Hi,

The question is:

O is at the centre of the circle. The radius is 4 cm. Angle AOB is 70 degrees.

Calculate

a) The perimeter of the minor segment AOB

b) The area of the major segment AOB

Thanks

Update:

the questions is about sectors but thank you very much for your detailed answer :) part b got the correct answer for me!

Update 2:

the questions is about sectors but thank you very much for your detailed answer :) part b got the correct answer for me!

Relevance

(a)

perimeter of a segment = arc length + chord length.

Arc length can be found by the circumference x angle at centre / 360

Chord length can be found by cosine rule.

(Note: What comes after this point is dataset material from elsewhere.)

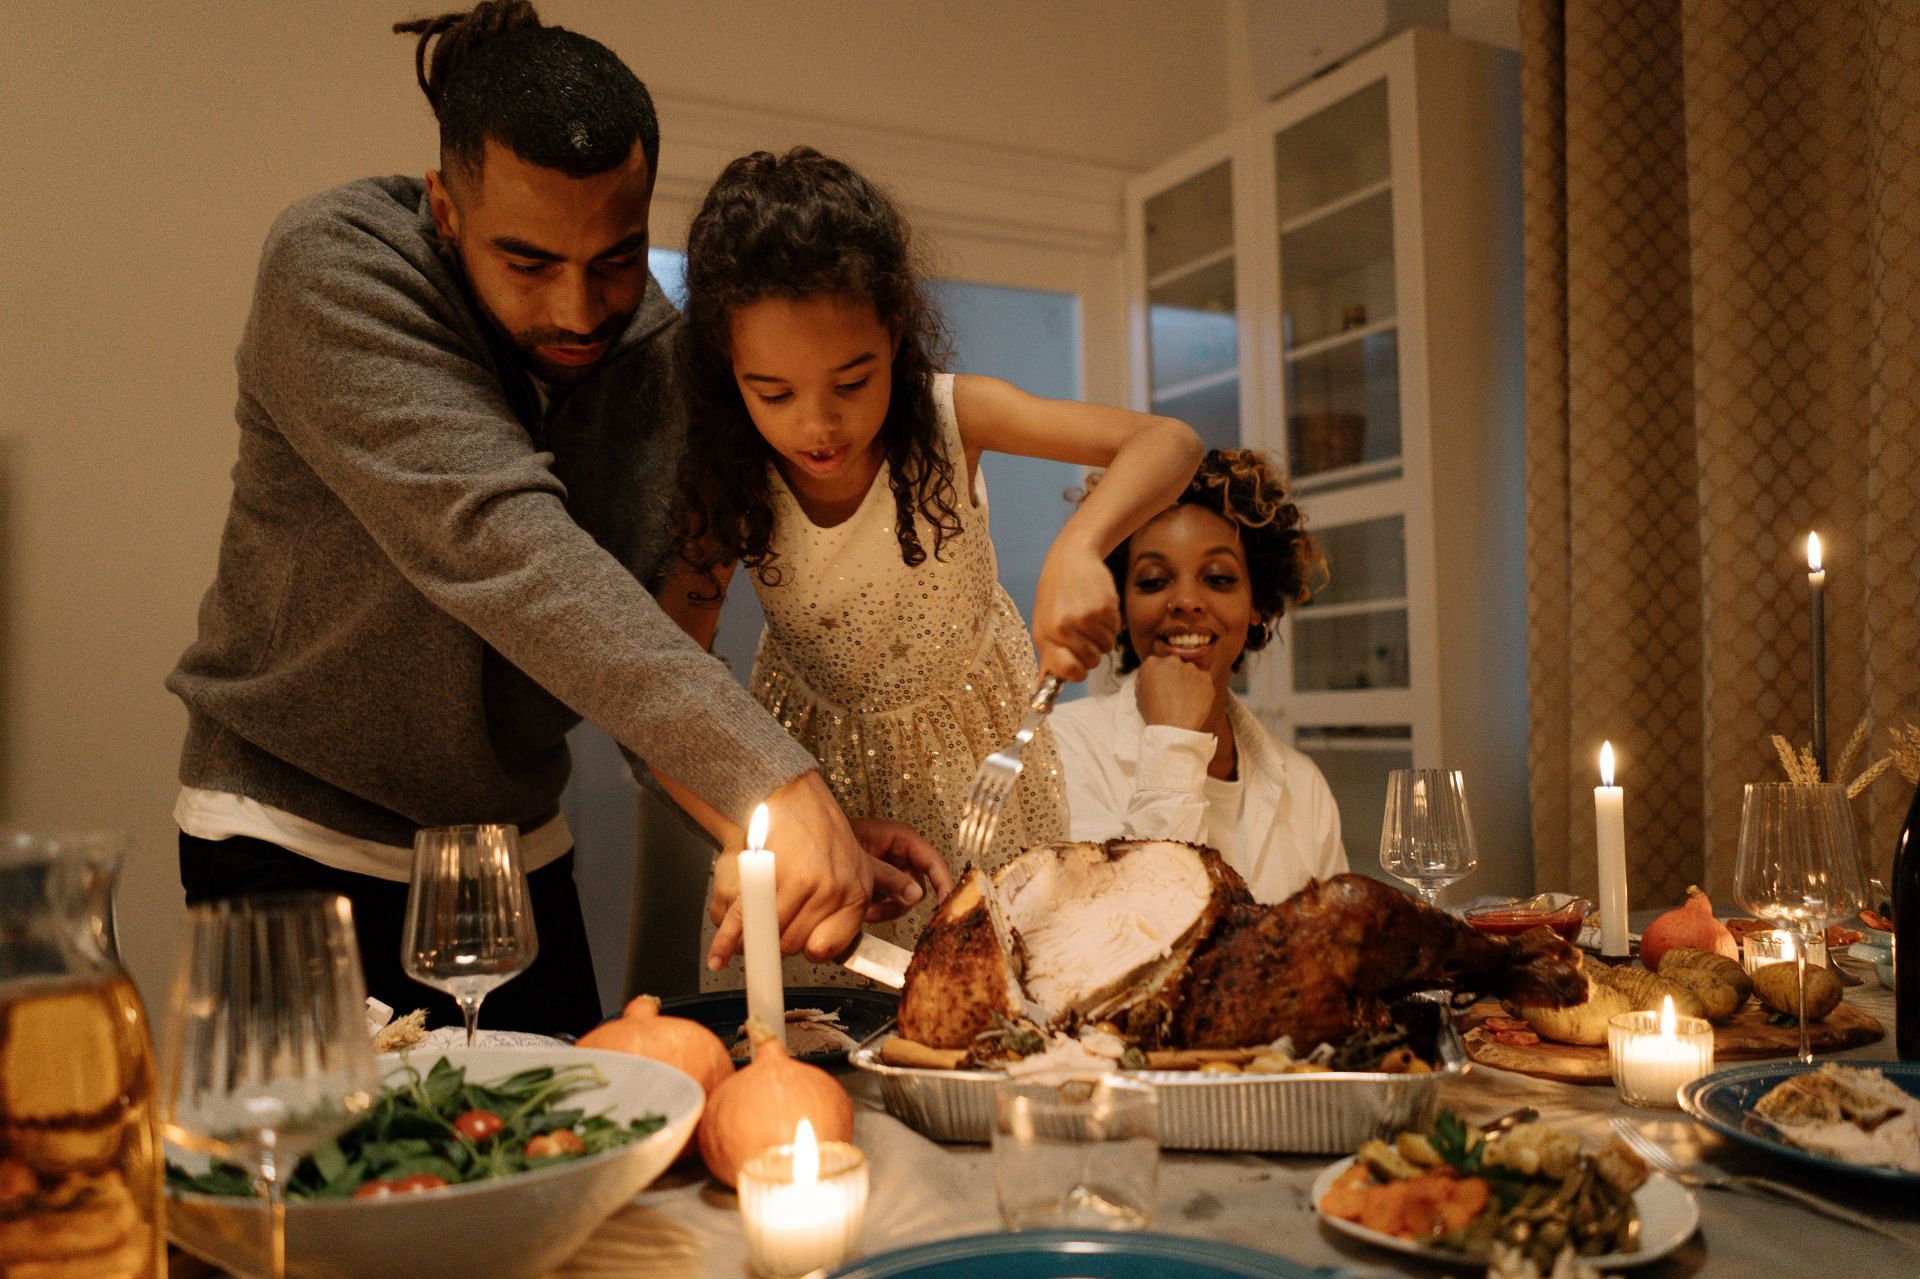 A big part of Thanksgiving is meal-time. (Image via Pexels/Cottonbro studio)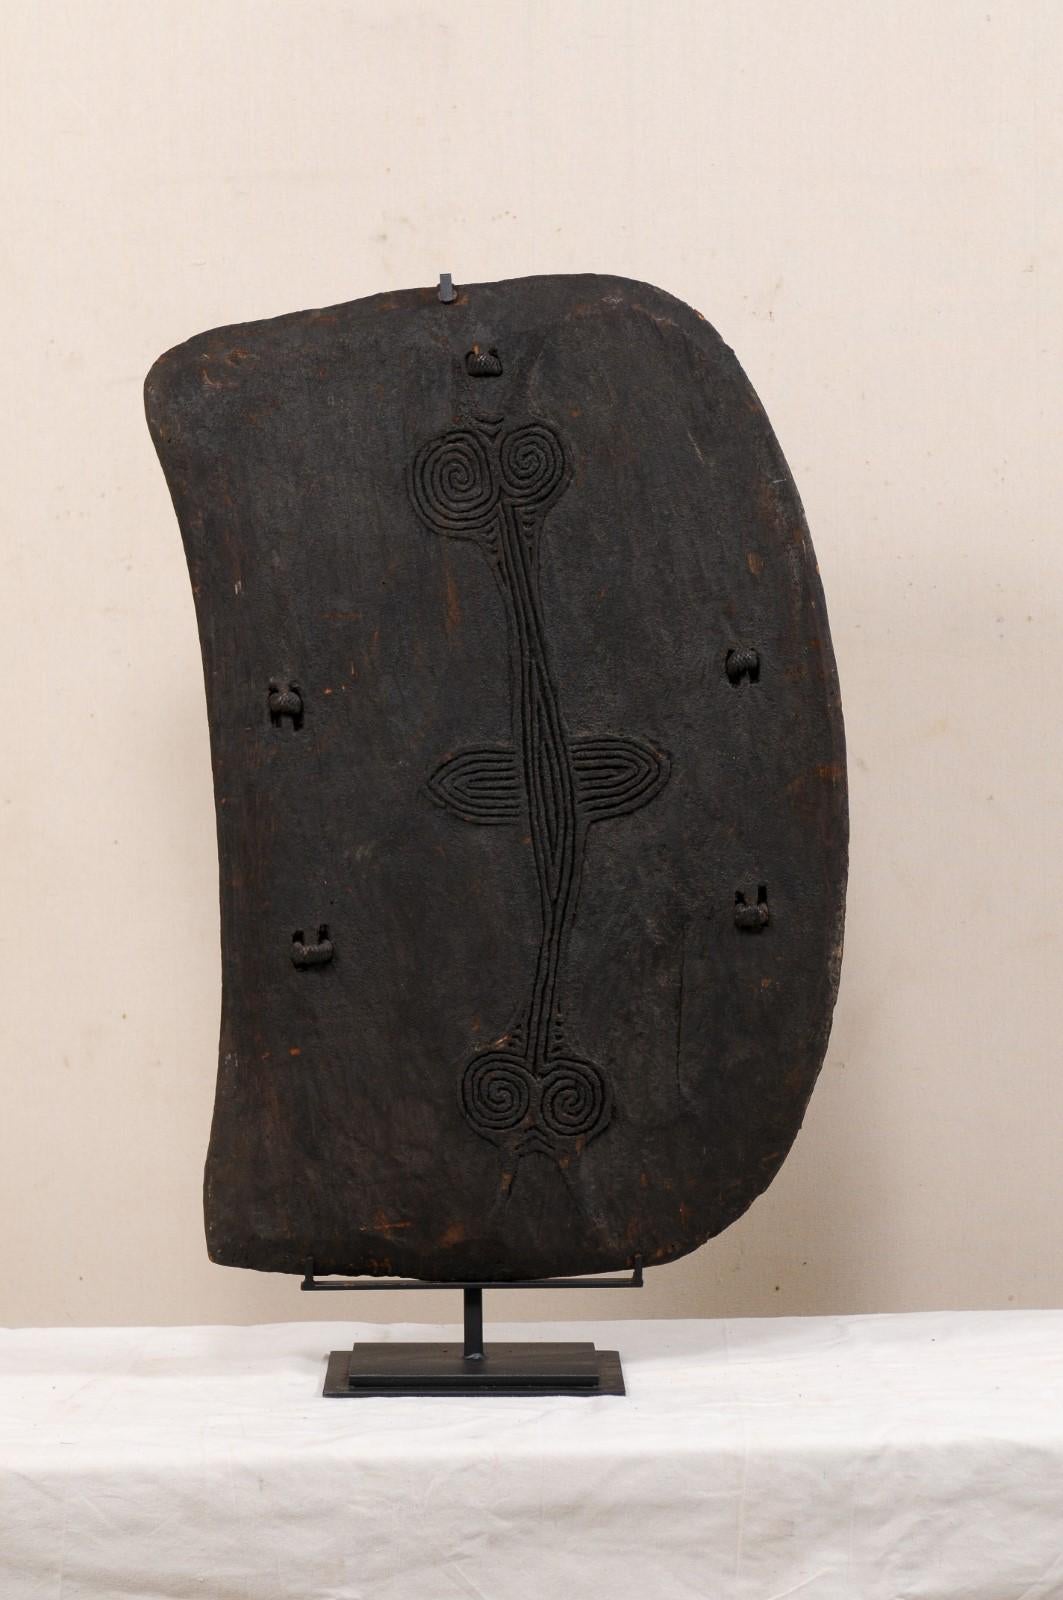 A Papua New Guinea carved-wood Lumi shield from the mid-20th century. This vintage war shield from the West Sepik region, the northwestern most province of Papua New Guinea (now referred to as Sandaun Province), features the typical kidney-shaped

Angle at centre = 70 degrees.

Arc length = 2π(4) (70/360) = 4.887 cm

By Cosine rule,

(Chord length AB)² = (4)² + (4)² - 2(4)(4) cos70º = 21.055

Chord length AB = 4.589 cm

Perimeter = 4.887 + 4.589 = 9.476 cm

(if you want sector perimeter, replace the chord length by 2r)

(b) Area of major segment is the sector area + triangle area.

Sector area = circle area x angle at centre / 360

triangle area = (1/2) (a) (b) sin C

where a, b are length of two sides, and C is the angle between a and b.

Sector area = π(4)² (360-70)/360 = 40.49

Triangle area = (1/2)(4)(4) (sin 70) = 7.52

total area = 48.01 cm²